This book tells a story that has been constructed through archival research, interviews and the writing of others. Of Gran Fury’s ten members, nine outlived the worst years of the AIDS crisis, and all nine agreed to be interviewed for the purposes of this book. Mark Simpson, who died in 1996, was the only core member of Gran Fury who wasn’t interviewed, but in the last years of his life, Simpson began work on a memoir, mostly of his childhood and young adult years in Texas. His memoir was unfinished at the time of his death and has not been published, but his sister, who is the executor of his estate, allowed me to draw from it. Another of Gran Fury’s members, Avram Finkelstein, has also written about his own life and activism, most extensively in his book After Silence. I also interviewed about fifty living ACT UP members and relied upon interviews conducted by other individuals, most notably the ACT UP Oral History Project, organized by Sarah Schulman and Jim Hubbard. Gran Fury’s archive is held by the New York Public Library (NYPL), and both the Lesbian Herstory Archives and the NYPL have archived ACT UP’s materials and ephemera, including transcripts of meetings with government officials, internal memos, financial statements and meeting minutes.

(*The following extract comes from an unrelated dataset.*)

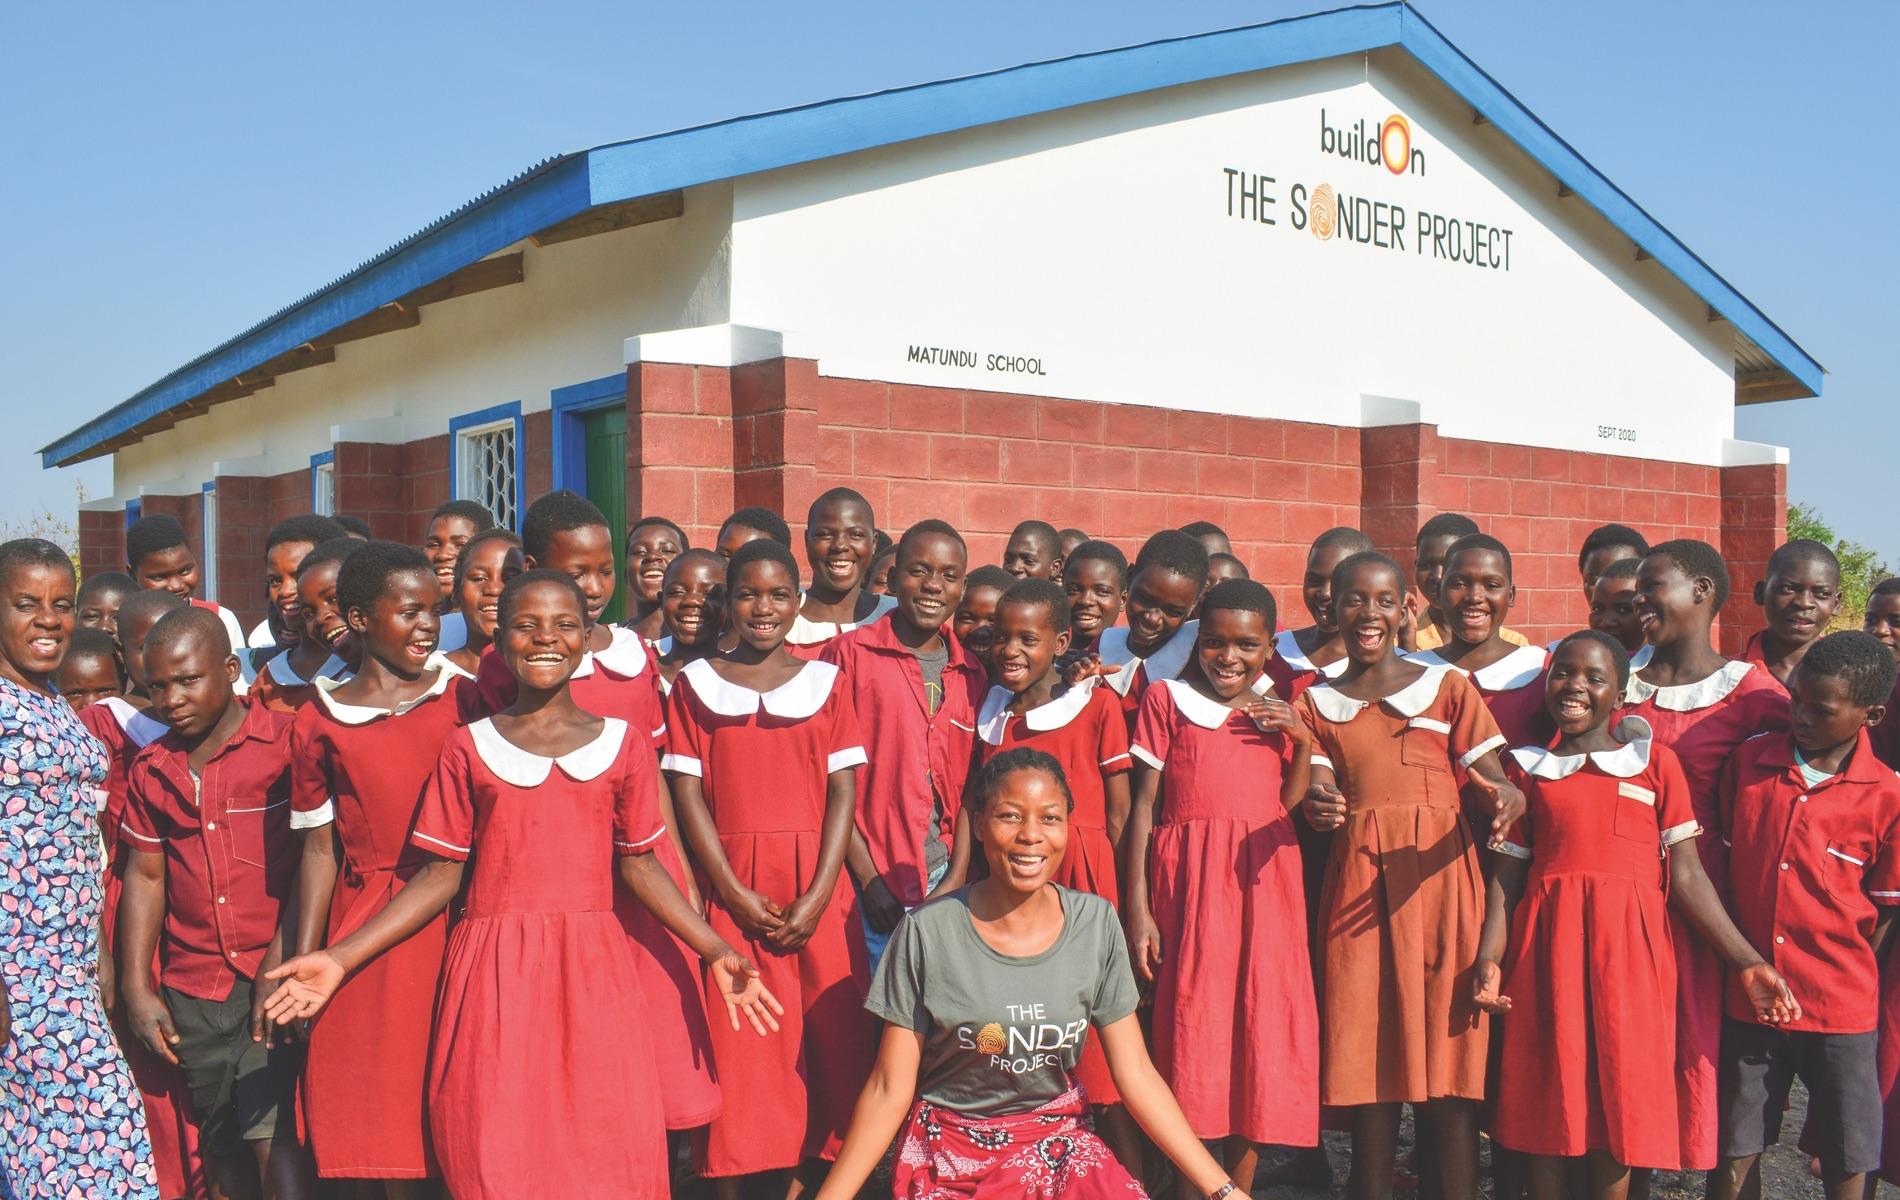 The Sonder Project, Build On, Malawi, Burkina Faso, Matundu School

This book’s title actually came out of one of my interviews. One of Gran Fury’s members, Donald Moffett, and I were talking about other depictions of ACT UP—what other books and documentaries had either captured or misrepresented. I had expressed my dissatisfaction with other depictions of ACT UP, that too often we’ve received a PG-13’d version of the actual movement, and suggested that “what made ACT UP so effective was that it was kinda vulgar and raunchy.” Moffett agreed, with one qualification. “I think the only thing that you’re misstating is the ‘kinda,’” he replied. “It was vulgar. It was all those things. It was vulgar and beautiful.”

In these pages, the first member of Gran Fury you will meet is Finkelstein, whose journey toward AIDS activism began after he lost the person who he thought would be his soulmate. Finkelstein’s story, though harrowing, was also common. Half of Gran Fury’s members lost their partners to AIDS, and all of them lost close friends. Seeing all of this, most of Gran Fury’s members lived with the constant dread that they too would die of AIDS. This was felt most acutely by the members who knew or suspected that they were HIV-positive, but much of Gran Fury, regardless of their status, experienced this dread on some level.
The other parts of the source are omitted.